# Rearrange frames on new hive?



## bobsim (Jan 27, 2015)

Hi Steve,

This is my first year keeping bees, two hives and nursing one 'silver dollar' swarm along. My strongest hive is two months old and doesn't look near as good as your five week colony. If I were in your shoes I'd leave em alone, seems to me they're on a roll. 

FWIW, I like to drive against the arrows in parking lots to mess with people.


----------



## Michael Bush (Aug 2, 2002)

>except my bees seem to be building the hive backwards. 

Apparently you forgot to read the book to the bees... they are often illiterate and therefore unaware of what they are supposed to be doing...

http://www.bushfarms.com/beeslazy.htm#stopfightingbees


----------



## Steve61 (Jan 5, 2015)

Thanks Michael. I like the concept of lazy beekeeping in your link. I had read too many comments about how you do not want your brood nest in the center of the hive come winter as they only move in one direction for their food stores. I guess I'll just wait till fall and reevaluate everything then.


----------



## Michael Bush (Aug 2, 2002)

If your entrance is in the middle they will keep moving the brood nest to the middle. If your entrance is on the end they will tend to have the brood nest at the end. Yes, worry about it in the fall. It may not stay where it is now anyway.


----------



## jwcarlson (Feb 14, 2014)

*All of this assumes that you have an entrance on one end and not in the middle*

I STRONGLY encourage you to pinch those ends that are not centered on the bar back to the center before they end up a big mess. I know right now it looks like it won't be a problem, but if you let it get out of hand you're going to have a jigsaw puzzle of combs that you can't put next to each other in any order than how the bees drew them which is frustrating and not a good way to run the hive.

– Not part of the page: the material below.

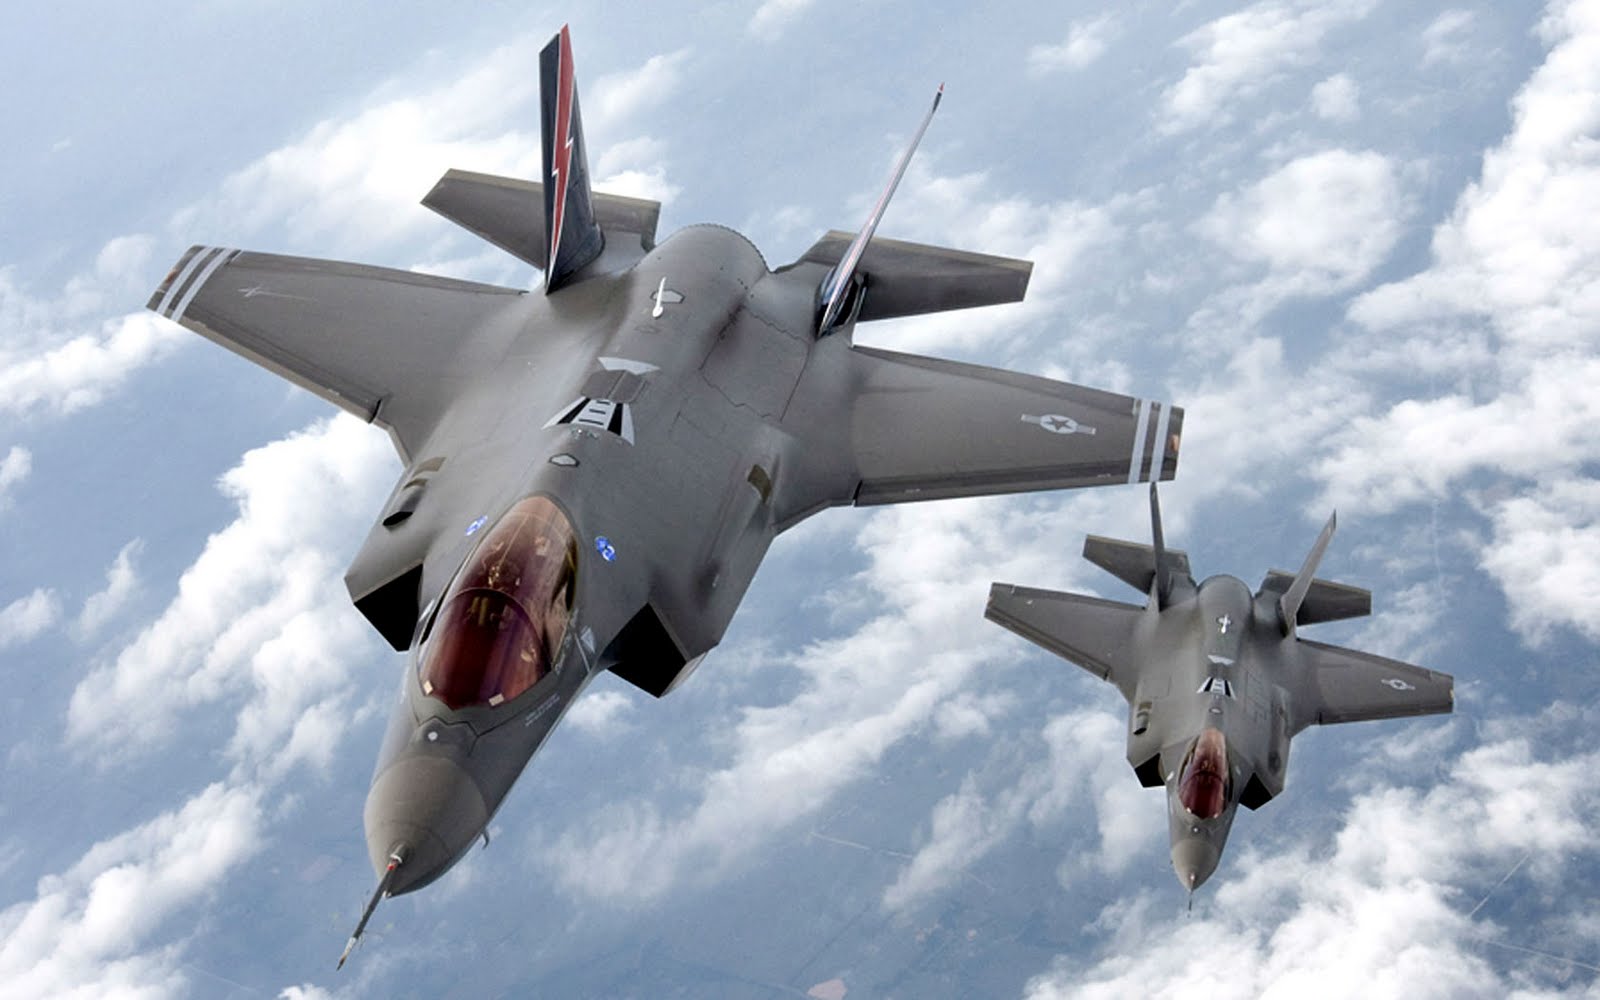 Νέα μαχητικά αεροσκάφη θα παραδώσουν στο Ισραήλ οι ΗΠΑ το 2016

One of mine did that when first installed last year (it was cold (nights in 30*F range) and they clustered near the feeder.

Before too long I moved it towards the entrance. I've manipulated mine this year as follows:

First inspection pulled bars out in chunks and cleaned the bottom out scraping it all towards the back and then out. No rearranging of the brood nest.

A few weeks later I shifted the broodnest *as a whole* towards the entrance as they were a bit farther back in the hive.

Couple weeks later moved the broodnest *as a whole* almost all the way to the front but I always leave one comb at entrance without brood in it for "insulation" it is almost always full of pollen. Then placed an empty worker sized comb (or combs) between brood and front comb then another worker sized comb (or combs) between the last bar with brood and the first bar of honey. So from entrance it is: pollen comb, drawn empty worker-sized comb, *the entire broodnest*, drawn empty worker-sized comb, then honey. It really comes down to how many empty combs you have. I think I averaged about two empties on each side between our three TBHs. Some might have had more.

They moved into that nicely over the past two weeks and the broodnest has expanded from a few bars to probably at least 8 or more in all of the hives. Then this past Saturday I went in and moved the whole broodnest back and added an empty, undrawn bar to each end of it. So basically the same manipulation above, but instead of drawn comb I used a fresh, undrawn bar. 

None of these manipulations "disrupt" the brood nest. I'm not talking about adding empty bars in the middle of their brood or anything like that. The broodnest remains intact, just allowing it to expand into drawn comb early and then allowing them to draw more combs as swarm season nears to help deplete their wax builders. I am going to be doing the same thing again tonight if they have drawn out the empties I gave them (I suspect that they have).

I say all that to tell you what I'd do if I were you, and that would be to place a comb without brood in it as the first comb from the entrance. Then shift the entire broodnest up behind that with empty bars behind it. So don't change the order of those bars at all for the time being. Later you'll probably want to shift that drone comb to the last position in the broodnest so that if they still want to raise them they can, but it will be in an easy place for them to backfill it with honey. I wouldn't want a drone comb in the middle of my broodnest, but that's just me. I'm sure there are some combs with drone brood in the middle of some of mine, but I don't really want to "encourage" the queen to lay there once they have a set of drone emerged.

Good luck and let us know what you do!

























Keep them on center!


----------



## Steve61 (Jan 5, 2015)

jwcarlson said:


> I STRONGLY encourage you to pinch those ends that are not centered on the bar back to the center before they end up a big mess. I know right now it looks like it won't be a problem, but if you let it get out of hand you're going to have a jigsaw puzzle of combs that you can't put next to each other in any order than how the bees drew them which is frustrating and not a good way to run the hive.


JW, please excuse my ignorance, but I have no idea what you mean by this.


----------



## jwcarlson (Feb 14, 2014)

Steve61 said:


> JW, please excuse my ignorance, but I have no idea what you mean by this.


I can see that the ends of your combs are curving off the center guide. It isn't a huge deal right now, but they will keep curving and end up bridging bars. Push the ends of the comb and smash them back straight. Do all of them and do it everytime you inspect. Eventually they will be nice and straight and you won't have to worry. Be gentle so you don't rip the comb off.


----------



## Steve61 (Jan 5, 2015)

JW:

I just went into my hive, found the curved comb, and was able to fix it. Thanks for the help.


----------



## jwcarlson (Feb 14, 2014)

Steve61 said:


> JW:
> 
> I just went into my hive, found the curved comb, and was able to fix it. Thanks for the help.


Well done, now make sure to do it everytime you inspect!


----------